§ **TASK PROMPT**: Retype exactly the lines from the one that contains "Obrazek z hasłem" through the end of the listing, both included, but not the pictures.

§ **STORED DATA**:

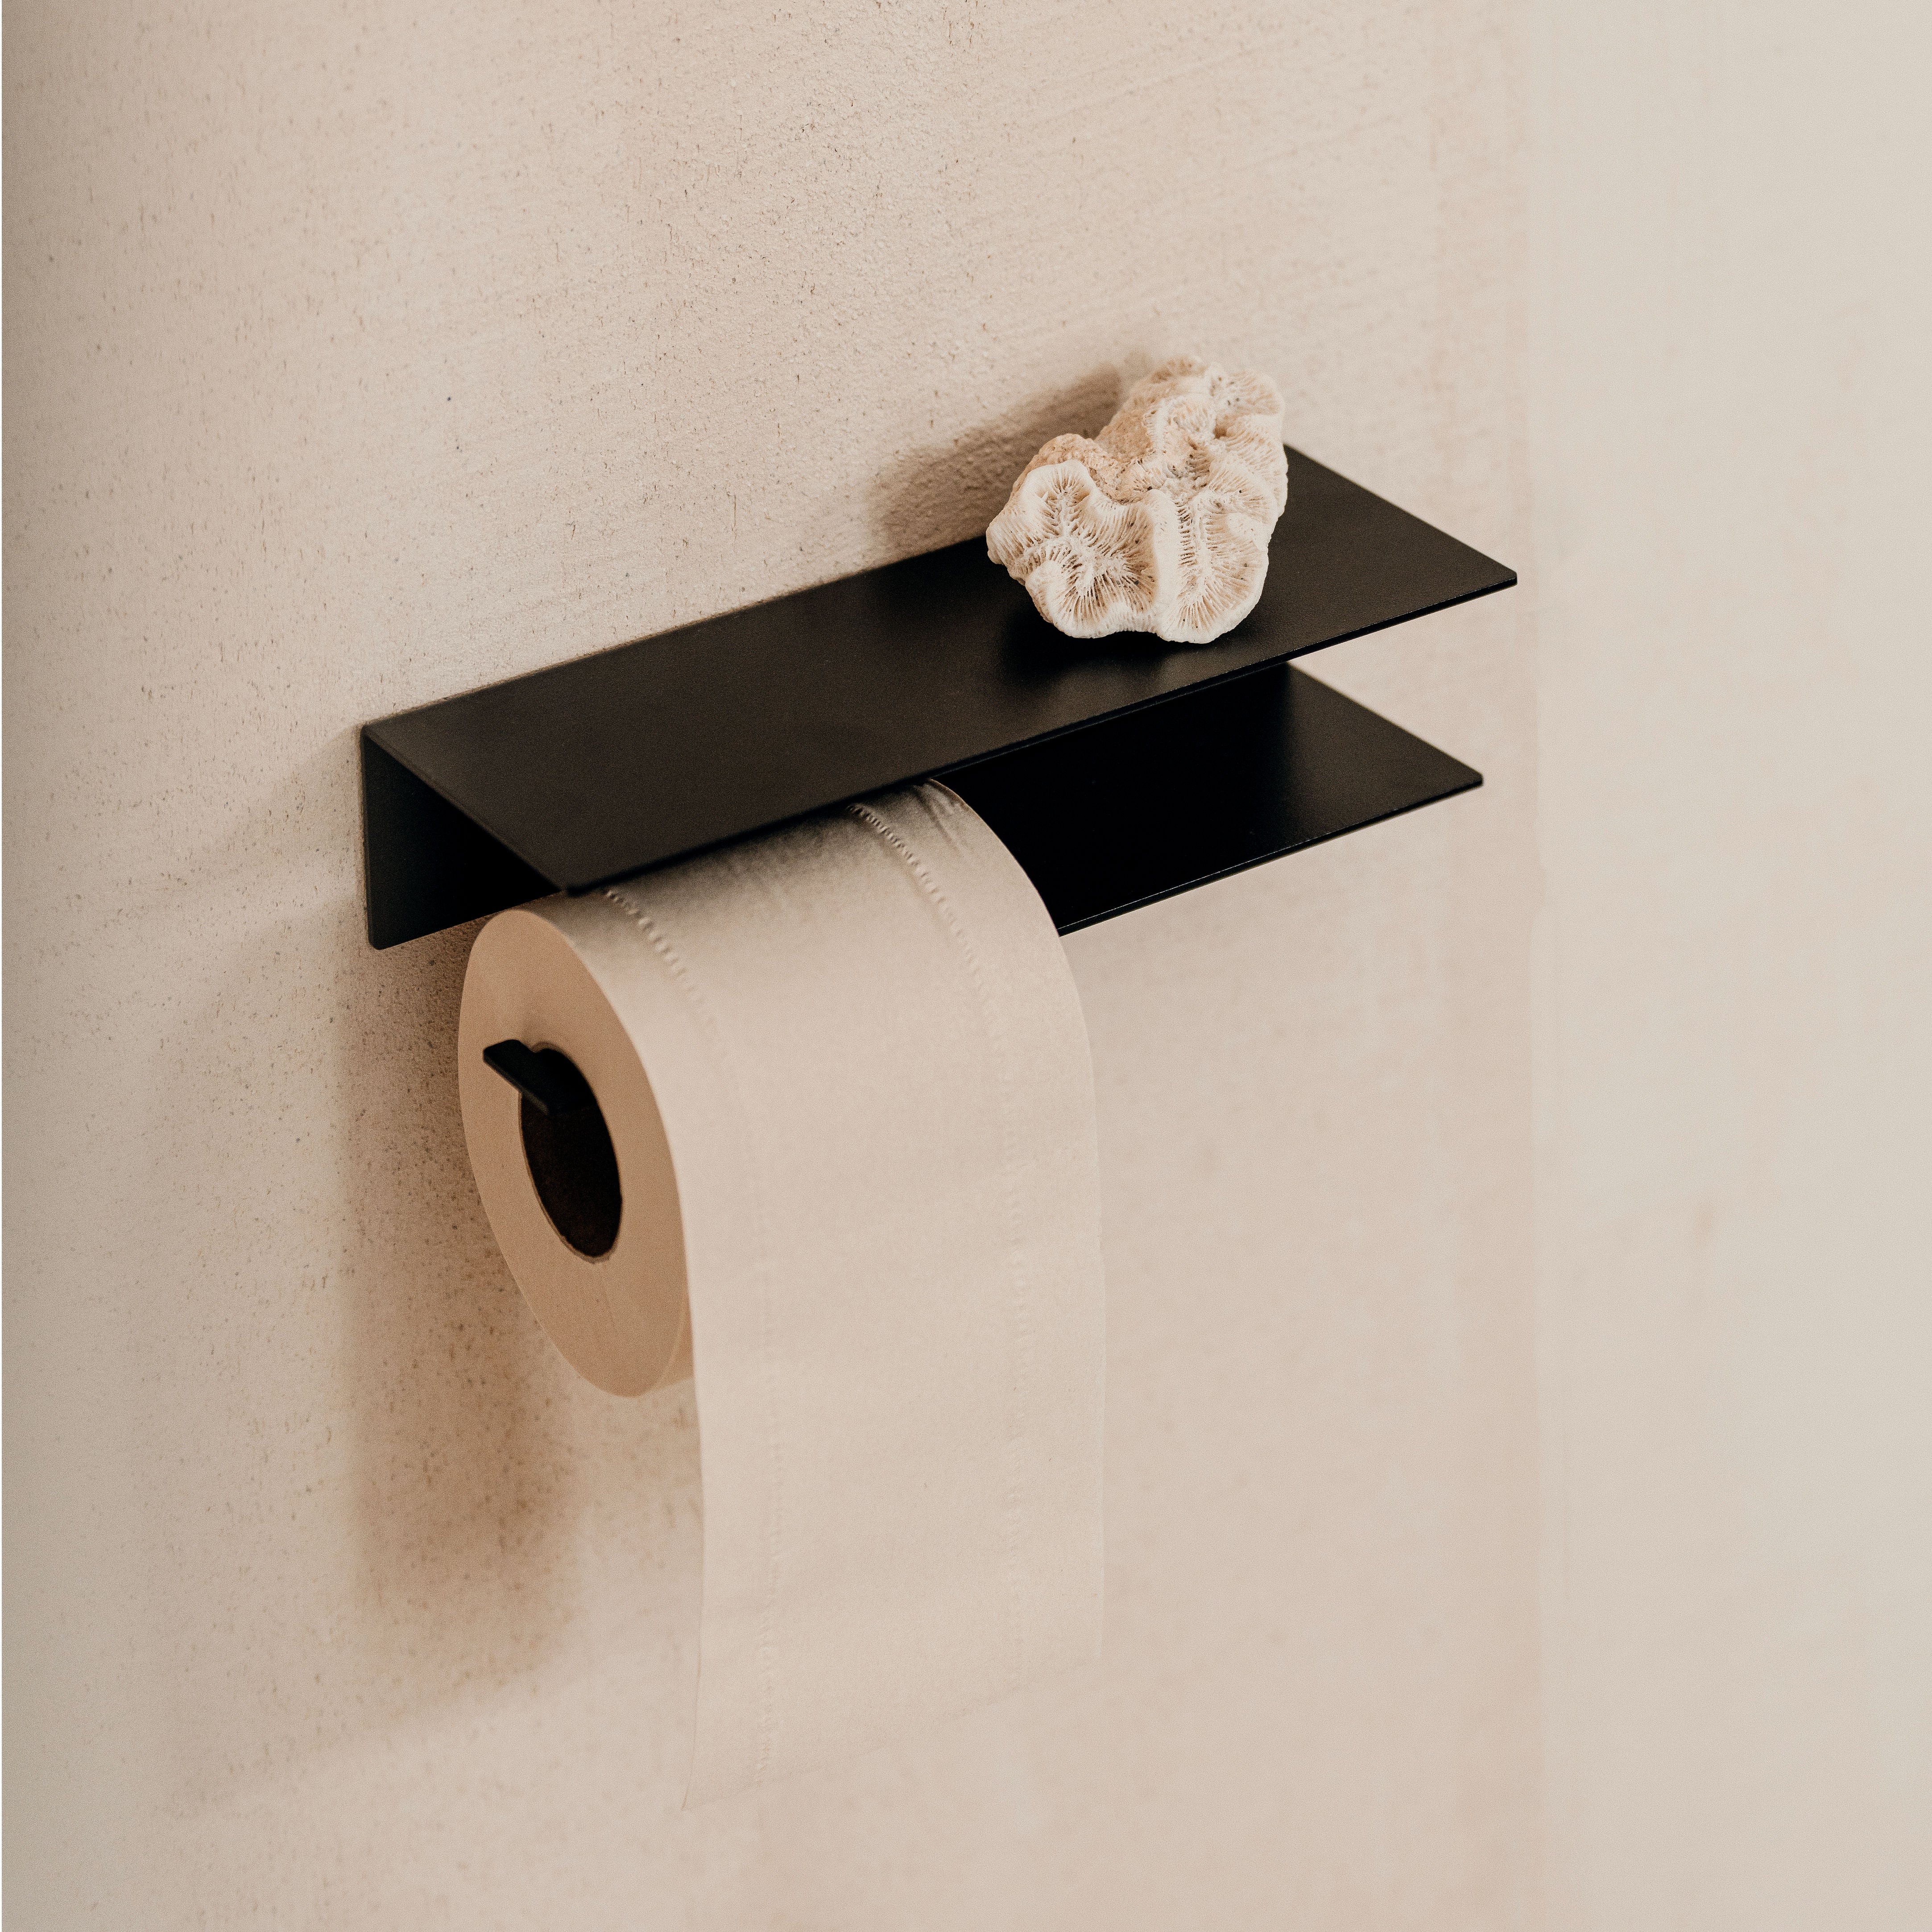 Serviteur WC Gedy ARTU COMBO Porte brosse WC et Papier Toilette Noir Mat  000011321400000
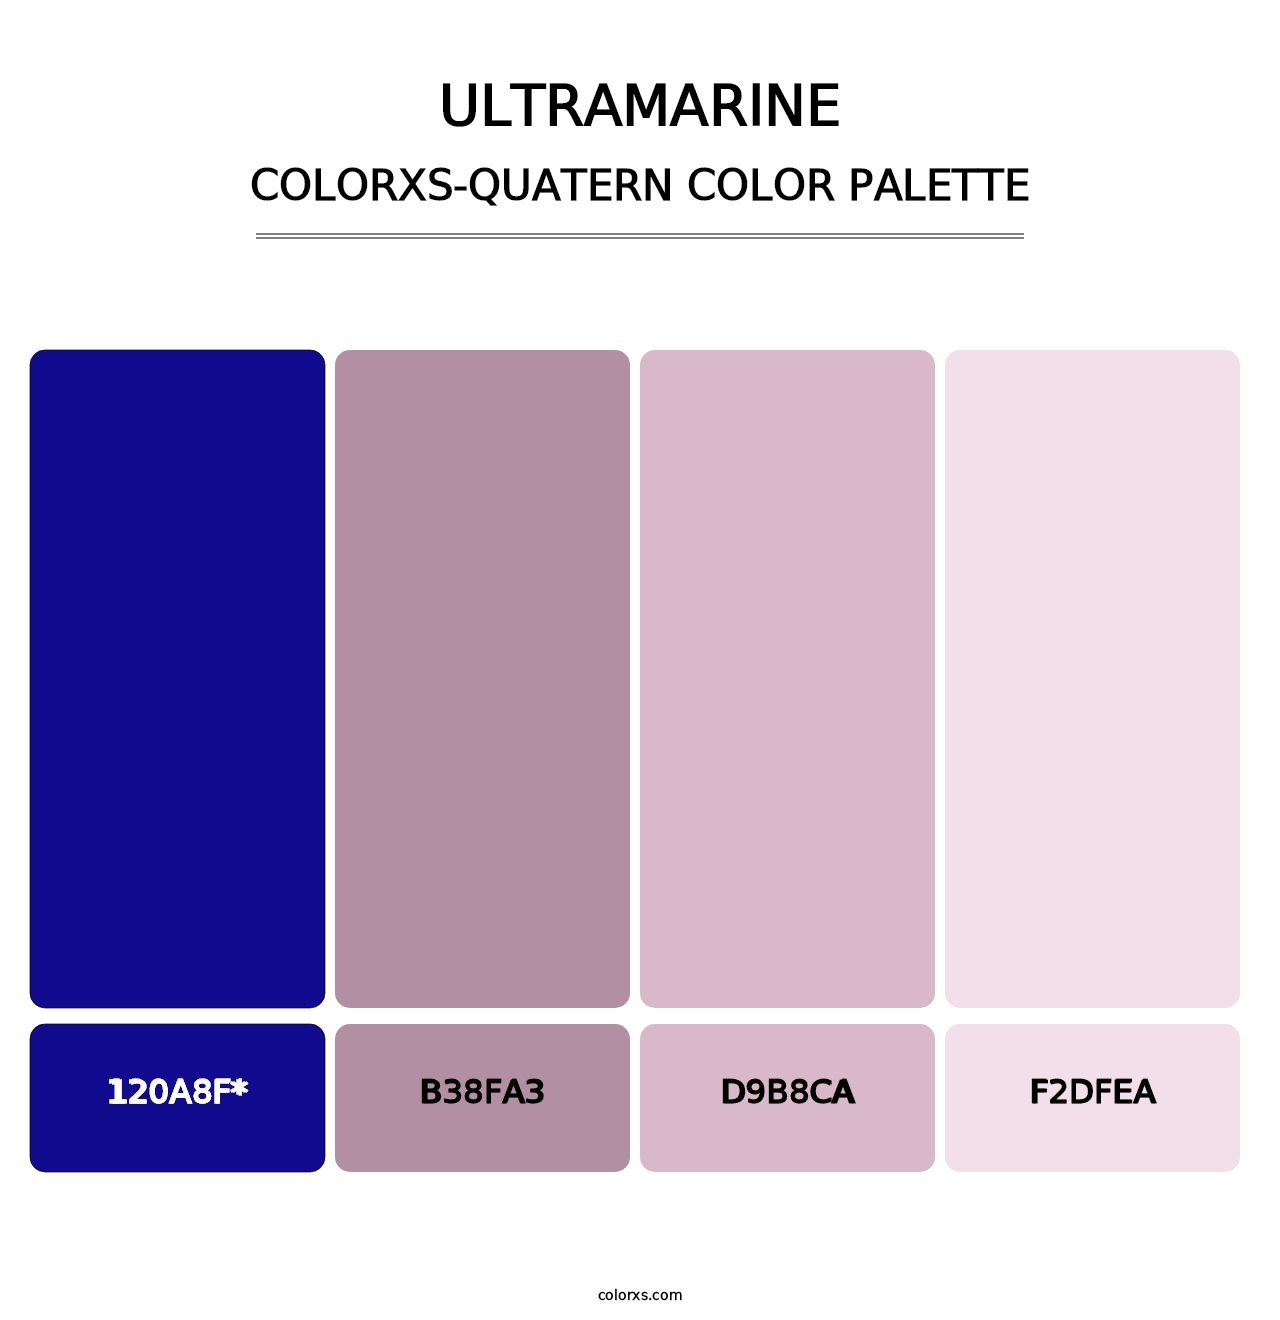 Ultramarine - Colorxs Quatern Palette
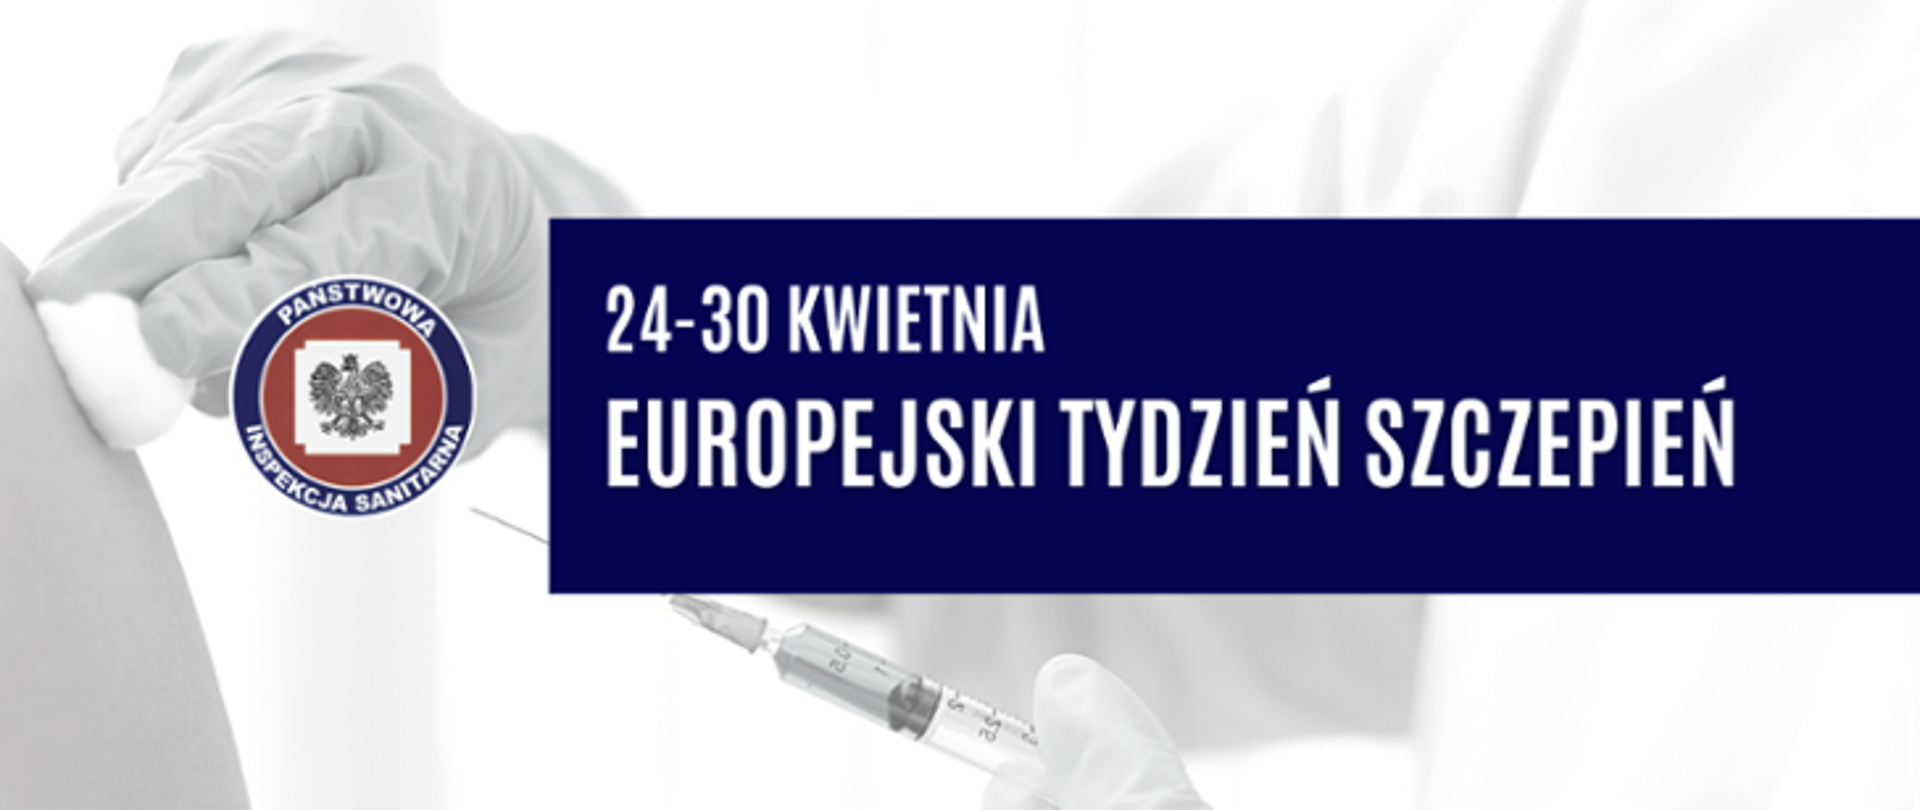 Obrazek z hasłem Europejski Tydzień szczepień 2022 24-30 KWIETNIA 
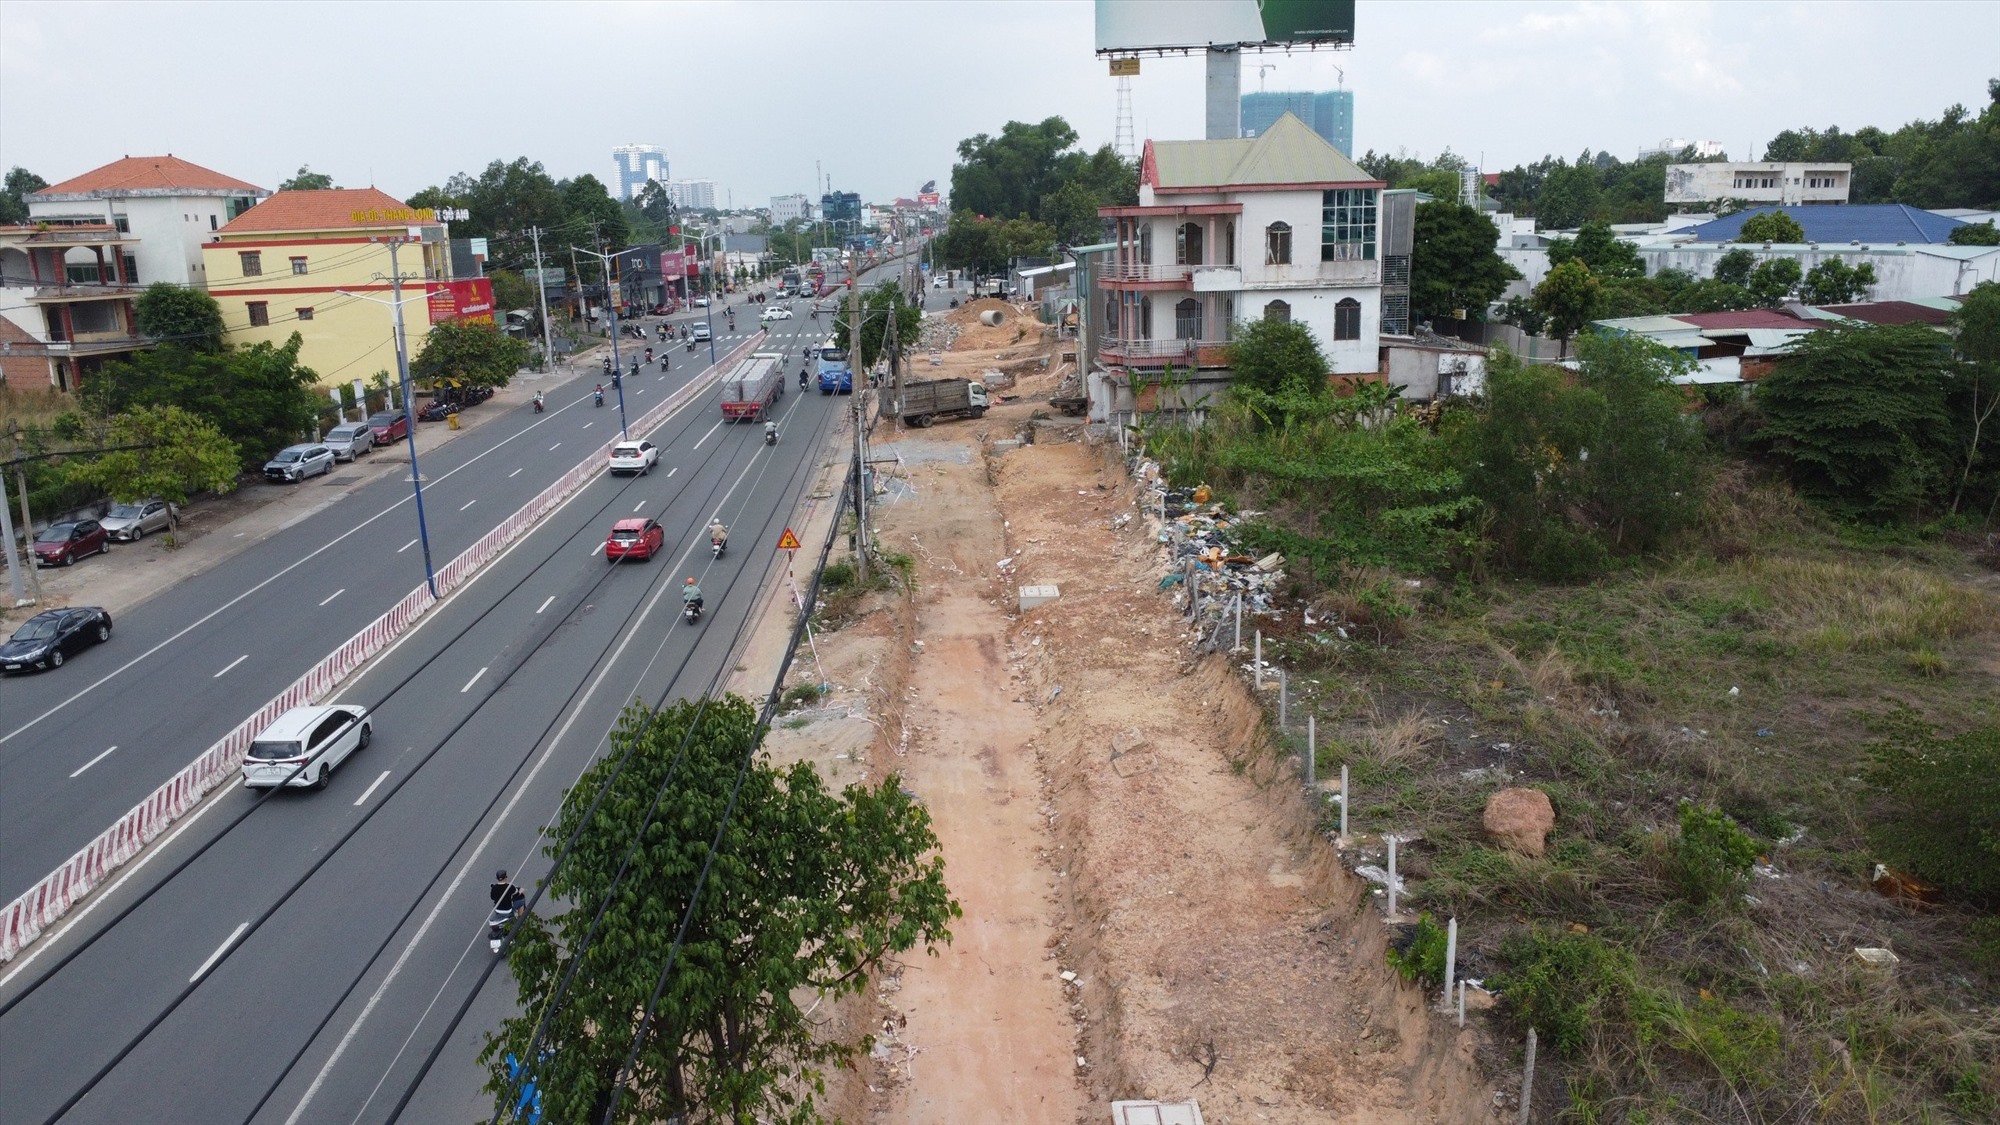 Hiện dự án triển khai trước đoạn từ nút giao đại lộ Tự Do (Khu công nghiệp VSIP 1, TP Thuận An) đến ngã tư Lê Hồng Phong, dài khoảng 6 km. Phần mở rộng ở bên phải đường, theo hướng từ TPHCM đi Bình Dương.

§ **REPLY TO THE TASK**:
 Obrazek z hasłem Europejski Tydzień szczepień 2022 24-30 KWIETNIA 
 Hiện dự án triển khai trước đoạn từ nút giao đại lộ Tự Do (Khu công nghiệp VSIP 1, TP Thuận An) đến ngã tư Lê Hồng Phong, dài khoảng 6 km. Phần mở rộng ở bên phải đường, theo hướng từ TPHCM đi Bình Dương.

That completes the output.